The element of Volume of the Sphere and two formulas

Question

Let $S^{n-1}$ be the unit sphere with the inner product $<.,.>$ that inherits from $\mathbb{R}^n$ and $V\in S^{n-1}$. Let $\{e_ i \}_{ i=1}^n $ be an orthonormal frame and let $<V,e_i>=v_i$ . Let $\mathrm{d}\sigma$ be an element of volume on $S^{n-1}$.

1. For $i\not =j\ $, $\int_{S^{n-1}}v_iv_j \ \mathrm{d}\sigma(V)=0$ , since the integrand is odd with respect to reflection about the coordinate hyperplane $\{v_i =0\}$ .

I do not understand this reason. How can I find out it?

2. $ \ \int_{S^{n-1}}v_i^2 \ \mathrm{d}\sigma(V)= \ \int_{S^{n-1}}v_j^2 \ \mathrm{d}\sigma(V)$ . Why?

Answer 1

Good to see you know that problem lies in tangent space at a single point. Let's recall one fact.

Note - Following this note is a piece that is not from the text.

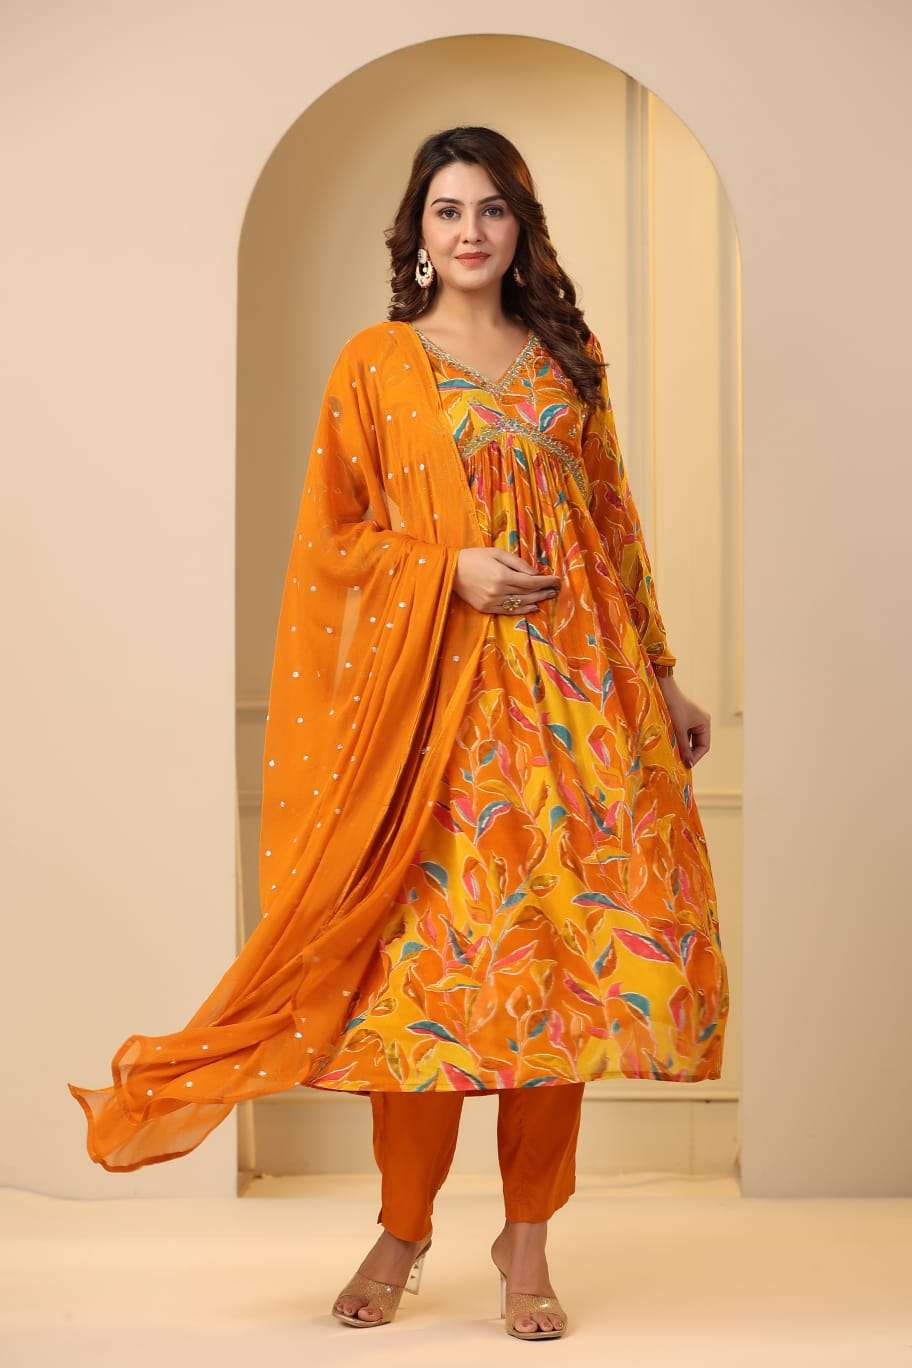 Urban Style Women's Ethnic Wear Printed Flair Kurti (Yellow & Black, XXL) -  USWAK06 Price - Buy Online at Best Price in India

If $\phi:M_1\rightarrow M_2$ is a diffeomorphism between two manifolds and $\omega$ is a top degree form on $M_2,$ then $$\int_{M_2}\omega=\int_{M_1}\phi^*(\omega).$$

To answer the first problem we let $\phi:S^{n-1}\rightarrow S^{n-1}$ to be a reflection by $\{V_i=0\},$ which is given by the formula $$\phi(V)=V-2v_i e_i.$$ It is linear, hence it's derivative $\phi_*$ is equal to $\phi$ and for volume form $d\sigma$ on $S^{n-1}$ we have $$\phi^*(d\sigma)(X_2,\dots,X_n)=(d\sigma)(X_2,\dots,X_n)-2(d\sigma)((X_2)_ie_i,\dots,(X_n)_ie_i)=(d\sigma)(X_2,\dots,X_n).$$ We see that $\phi^*(d\sigma)=d\sigma.$ Now we can use the mentioned fact. $$\int_{S^{n-1}}v_iv_jd\sigma(V)=\int_{S^{n-1}}\phi^*(v_iv_jd\sigma(V))=\int_{S^{n-1}}(\pi_i\pi_j)(\phi(V)) d\sigma(V)=\int_{S^{n-1}}(v_i-2v_i)(v_j-0)d\sigma(V)=-\int_{S^{n-1}}v_iv_jd\sigma(V).$$ Hence $$\int_{S^{n-1}}v_iv_jd\sigma(V)=0.$$ To proof second problem we use similar trick, but instead of refflection we use rotation. We just proof that $$\int_{S^{n-1}}v_i^2d\sigma=\int_{S^{n-1}}v_j^2d\sigma.$$ But first recall another fact.

If $\omega$ is a volume form on $M$ and $S$ is a submanifold of codimention 1 with specified outward normal vector field $N$ then the volume form in $S$ is equal to $i_N\omega,$ where $i_N$ is an interior product.

Set $\phi:S^{n-1}\rightarrow S^{n-1}$ to be a rotation that sends $e_j$ to $e_i.$ Rotation is linear. Hence $\phi^*(d\sigma)(X_2,\dots,X_n)=i_N\omega(\phi X_2,\dots,\phi X_n)=\omega(\phi N,\phi X_2,\dots,\phi X_n).$ Last equality holds, because pullback "pushes" points. So for every $x\in S^{n-1}$ vector $N$ is taken at $N_{\phi(x)}=\phi N.$ Returning to $\omega(\phi N,\phi X_2,\dots,\phi X_n),$ we have $$\omega(\phi N,\phi X_2,\dots,\phi X_n)=\det(\phi)\omega(N,X_2,\dots,X_n)=i_N\omega(X_2,\dots,X_n)=d\sigma(X_2,\dots,X_n).$$ Again using first fact we have that $$\int_{S^{n-1}}v_i^2 d\sigma(V)=\int_{S^{n-1}}\phi^*(v_i^2 d\sigma(V))=\int_{S^{n-1}}\pi_i^2(\phi(V)) d\sigma(V)=\int_{S^{n-1}}v_j^2 d\sigma(V).$$